These are desert locusts, described by the UN’s Food and Agriculture Organization (FAO) as “one of the most voracious insects, which… can eat all type of vegetation that it comes across.“
They originated in Africa and the Arabian Peninsula after heavy rains caused by a series of cyclones in the Indian Ocean in 2018 and 2019 produced conditions for locusts to greatly multiply.
Early spring rains in Iran hatched the local population that was quickly augmented by more desert locusts blown in from Africa and the Arabic countries.
By February 2020, Iran was battling swarms of the ravenous insects.
Mir said on May 15 that locusts had devoured fields and orchards over some 200,000 hectares in the seven southern provinces and that Iran’s military had offered to help battle the pests.

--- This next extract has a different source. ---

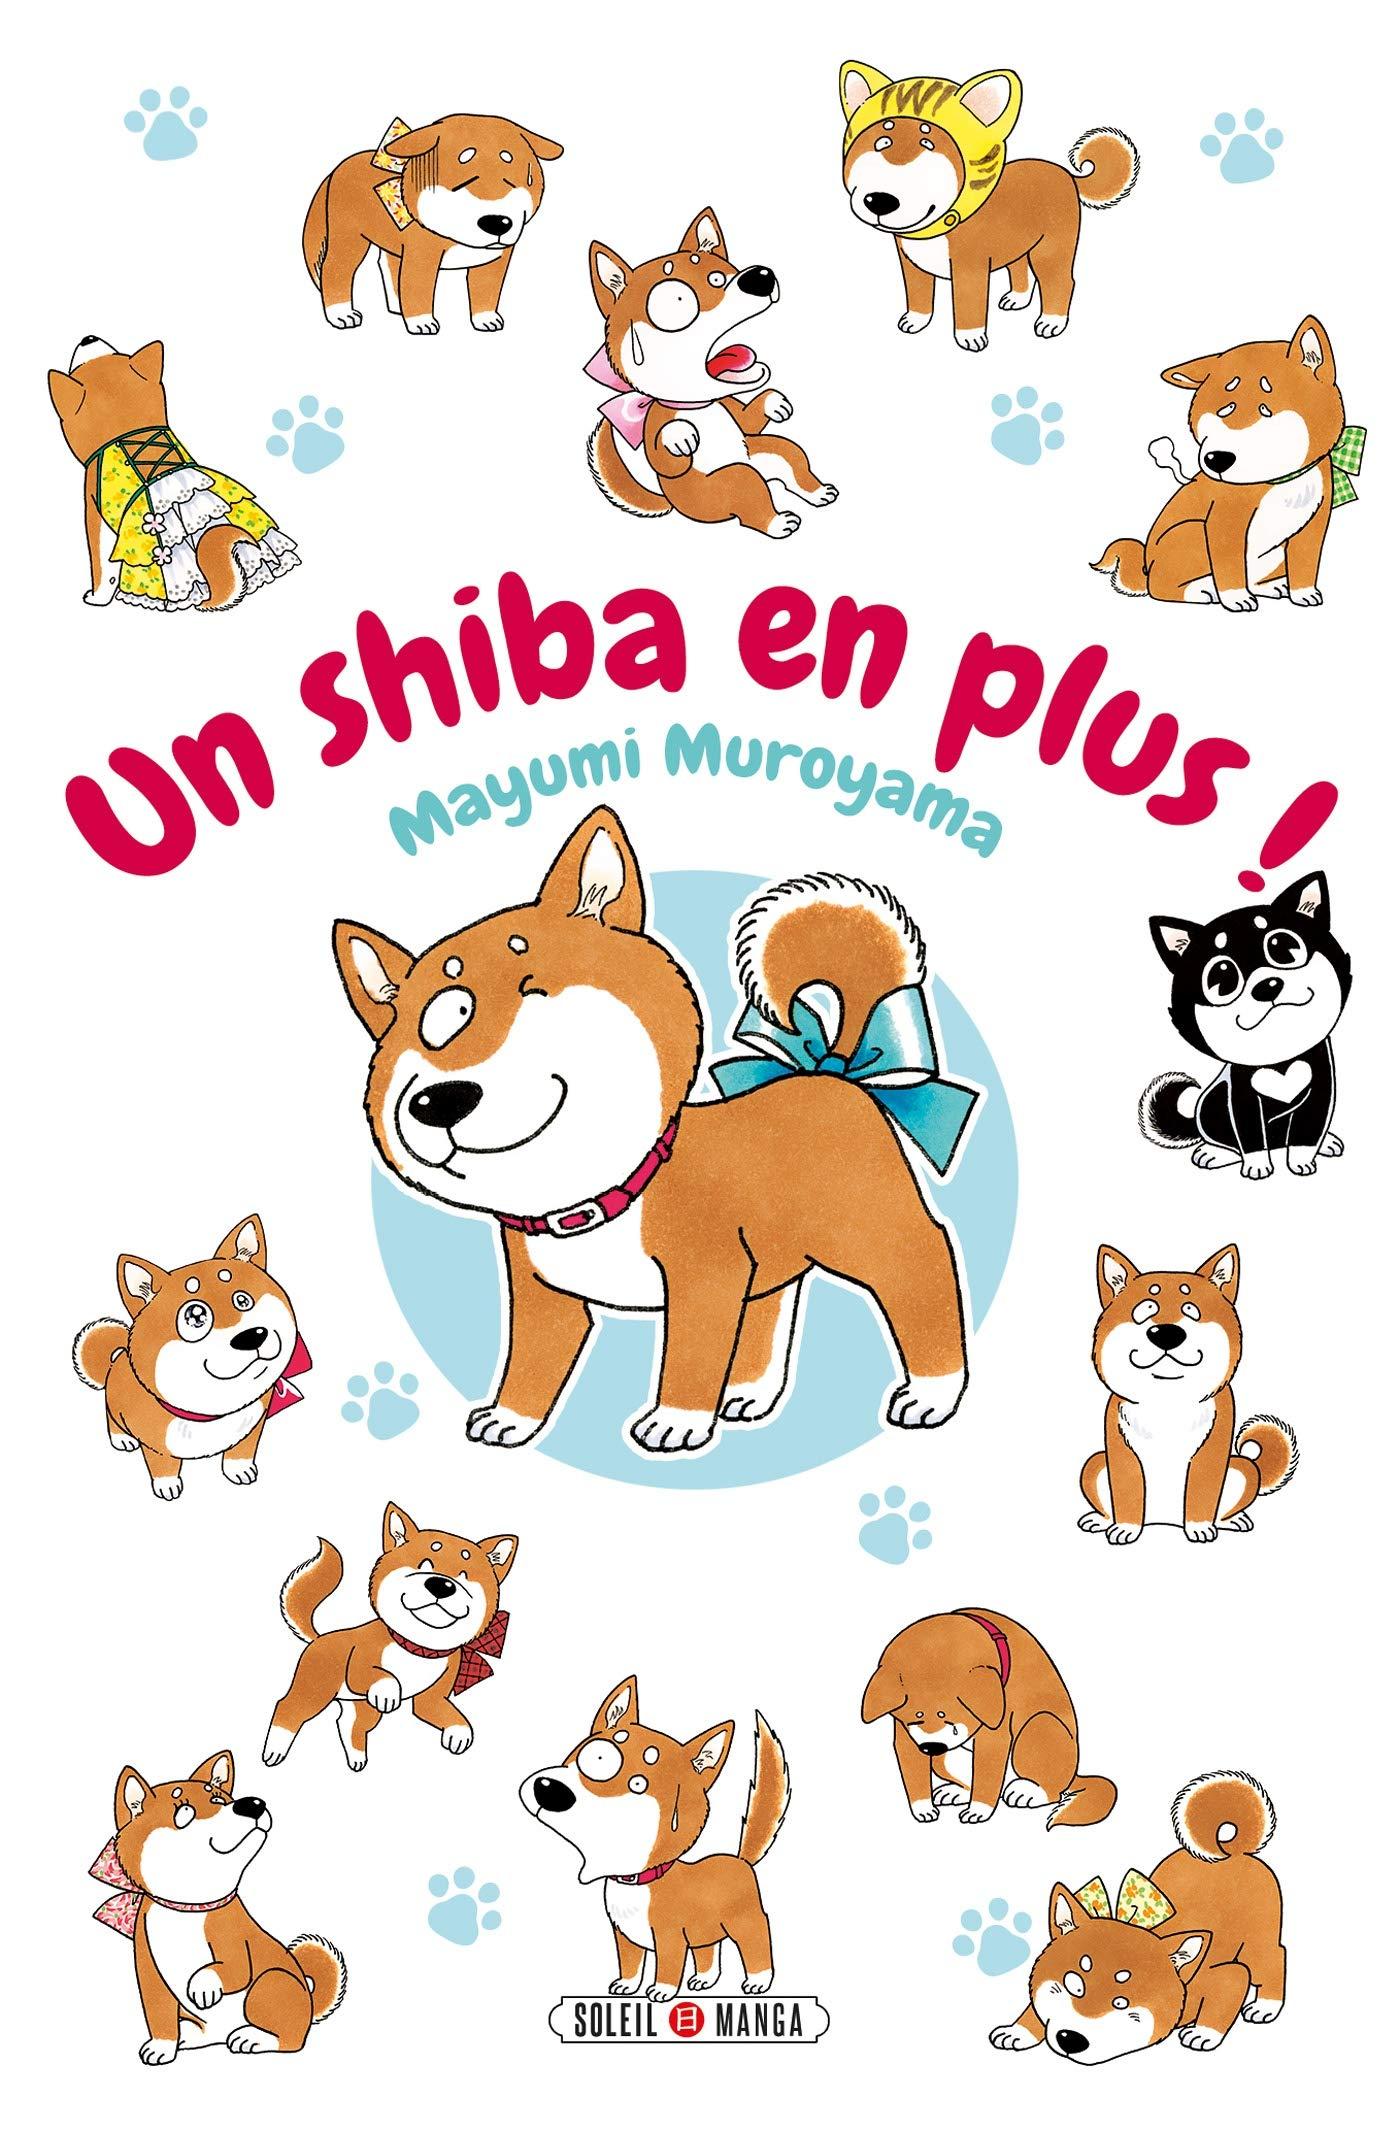 https://www.geekjunior.fr/wp-content/uploads/2019/03/shiba-manga.jpg

Pakistan had already declared a national emergency at the start of February as locusts stripped fields and orchards as swarms from last summer’s breeding made their way through the Balochistan, Sindh, Punjab and Khyber Pakhtunkhwa provinces.
A June 1 report from Nikkei Asian Review said the locusts had “already devoured considerable quantities of crops in over 60 districts” in provinces throughout Pakistan.
The same report noted that locusts had crossed into India and were in northwestern Rajasthan, northern Punjab, western Gujarat, and central Madhya Pradesh.
Many agricultural specialists are predicting a second wave of locusts to start making their way from Africa and the Arabian Peninsula toward Iran, Pakistan, and India at the beginning of the summer.
Locusts have been destroying crops in eastern Turkmenistan and western Uzbekistan in recent weeks, although officials there have not commented on it very much.
Turkmen authorities have not mentioned the locusts at all, though RFERL’s Turkmen Service, known locally as Azatlyk, reported that locusts had spread over some 35,000 hectares of land in the Kerki district of Turkmenistan’s eastern Lebap Province, devastating crops.